▸ **Assignment**:
Copy exactly, line for line, the part of the listing from the line containing "CROWN ROYAL CANADIAN WHISKY (ONE 710 ML)" through its last line, and nothing else.

▸ **Provided data**:
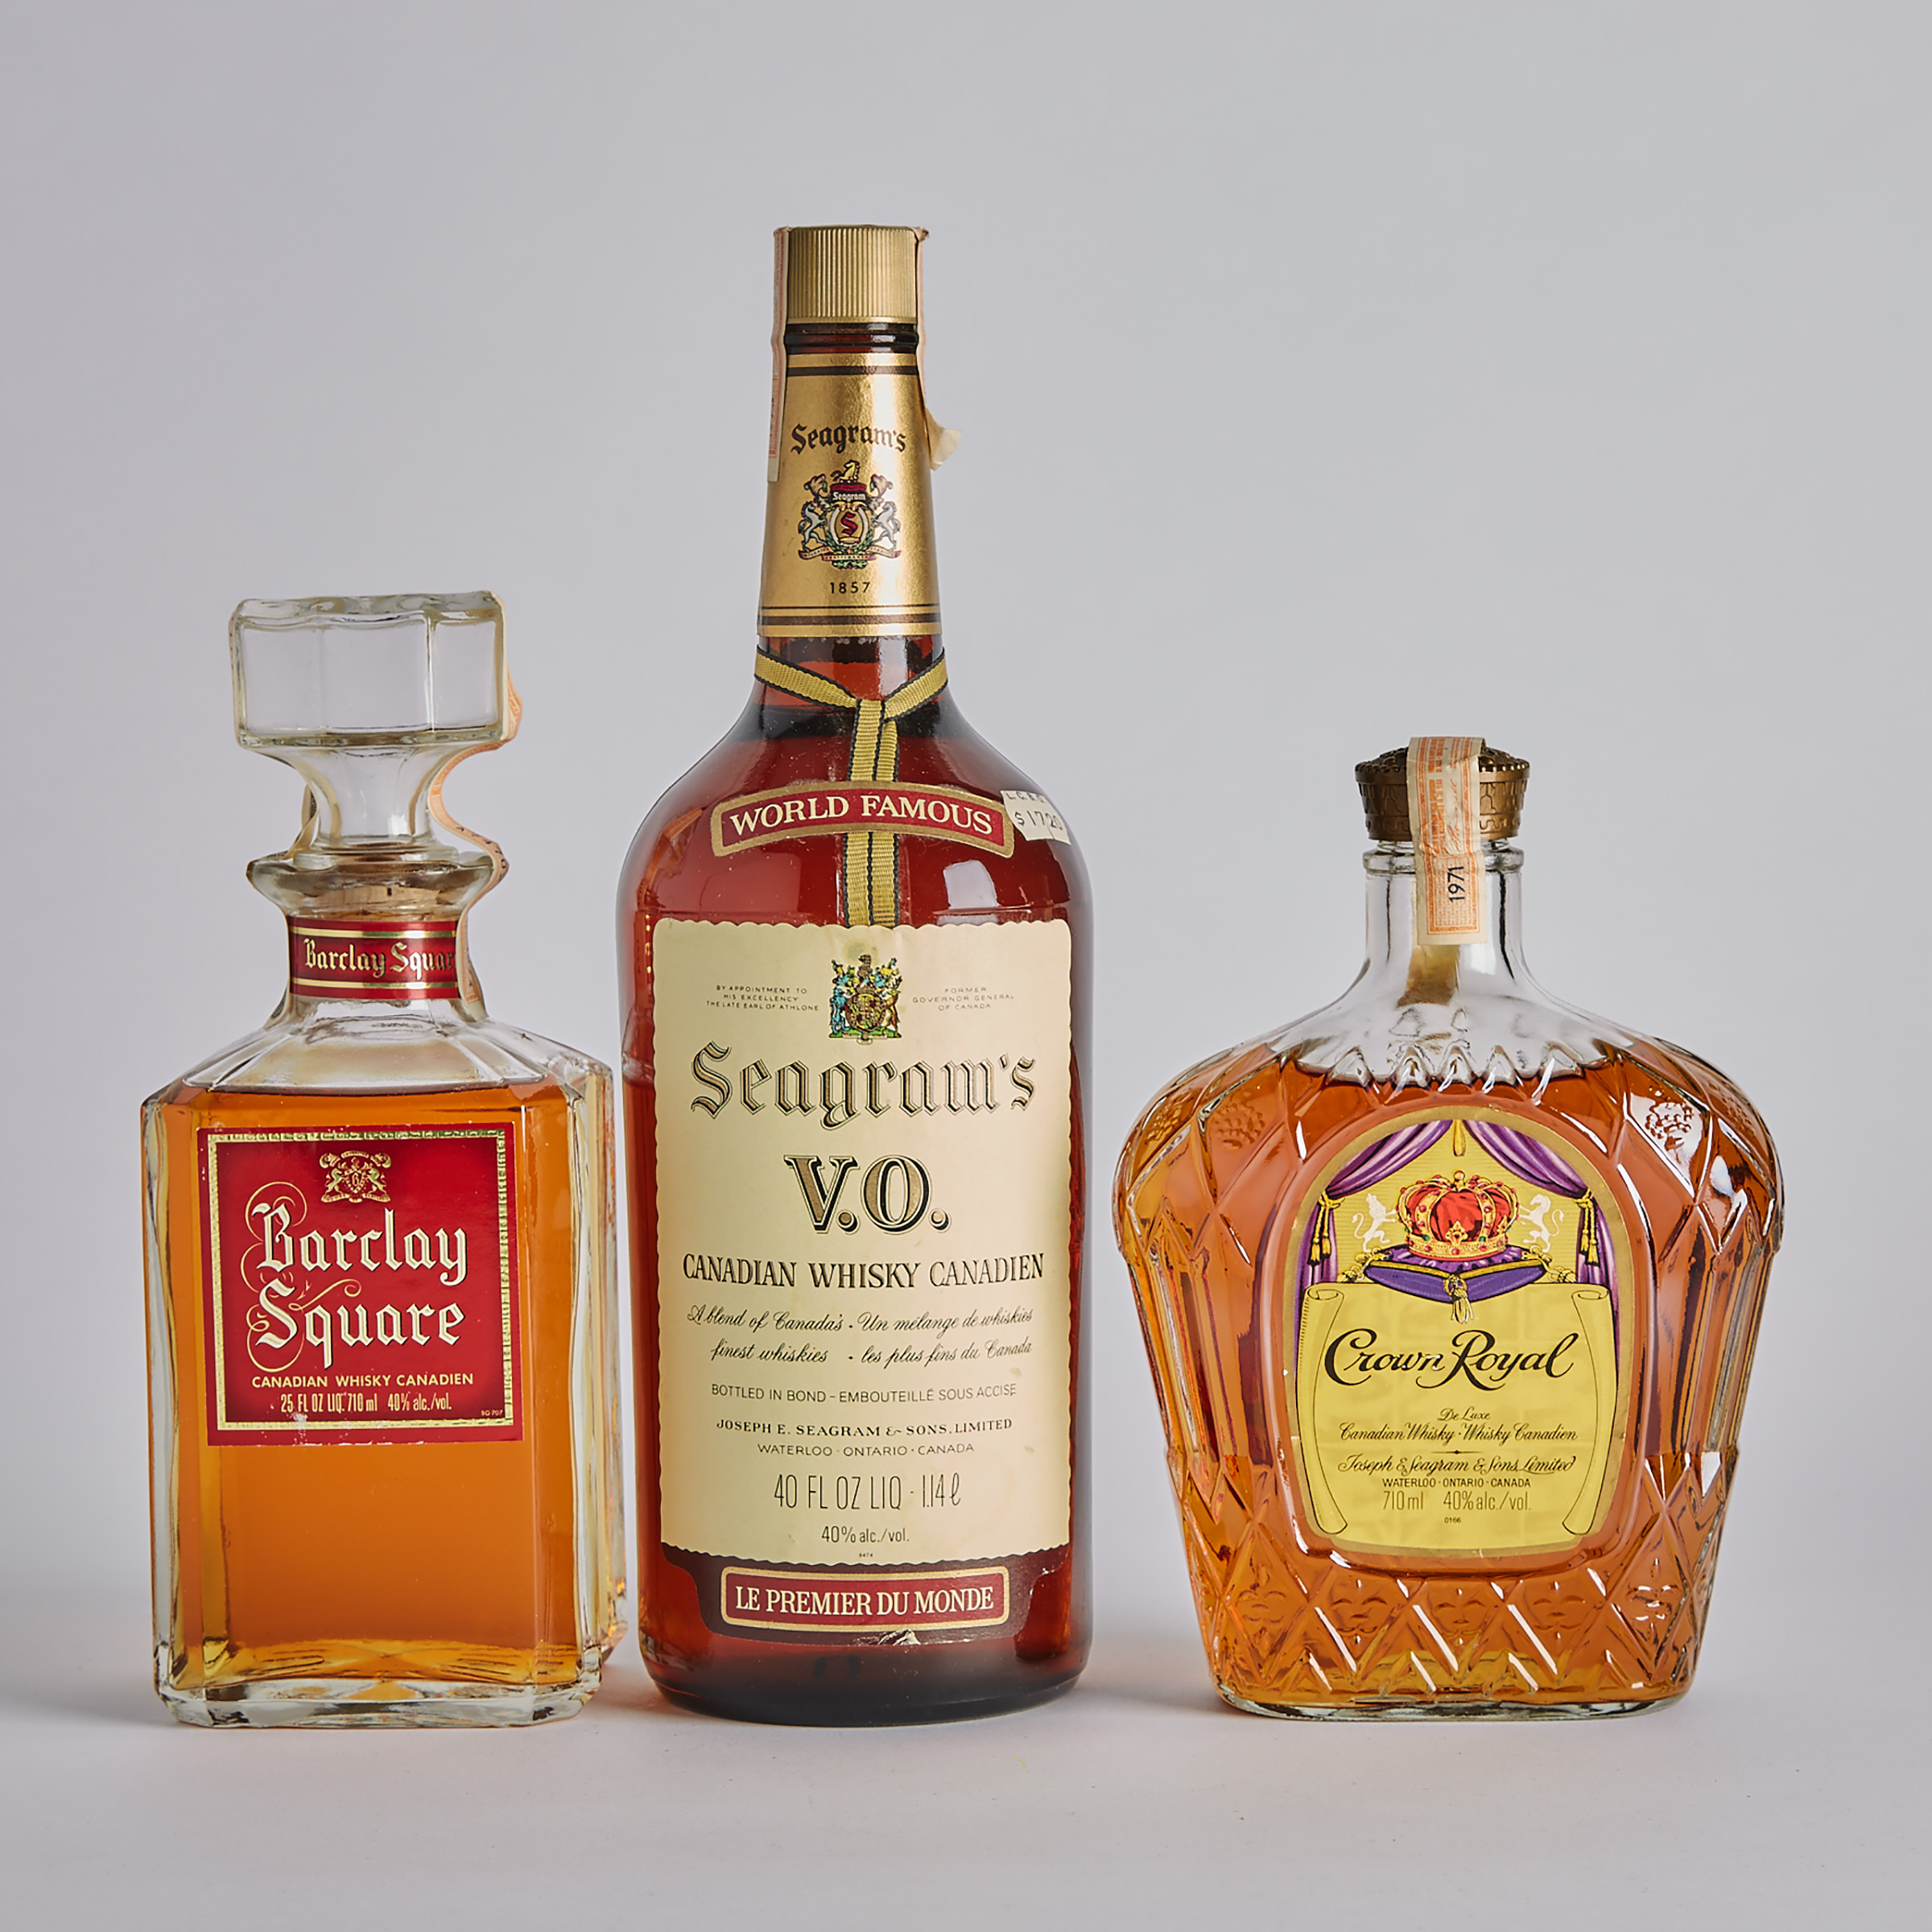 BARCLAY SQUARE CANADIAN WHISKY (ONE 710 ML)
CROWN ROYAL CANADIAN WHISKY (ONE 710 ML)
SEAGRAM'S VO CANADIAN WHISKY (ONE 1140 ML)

▸ **Problem solution**:
CROWN ROYAL CANADIAN WHISKY (ONE 710 ML)
SEAGRAM'S VO CANADIAN WHISKY (ONE 1140 ML)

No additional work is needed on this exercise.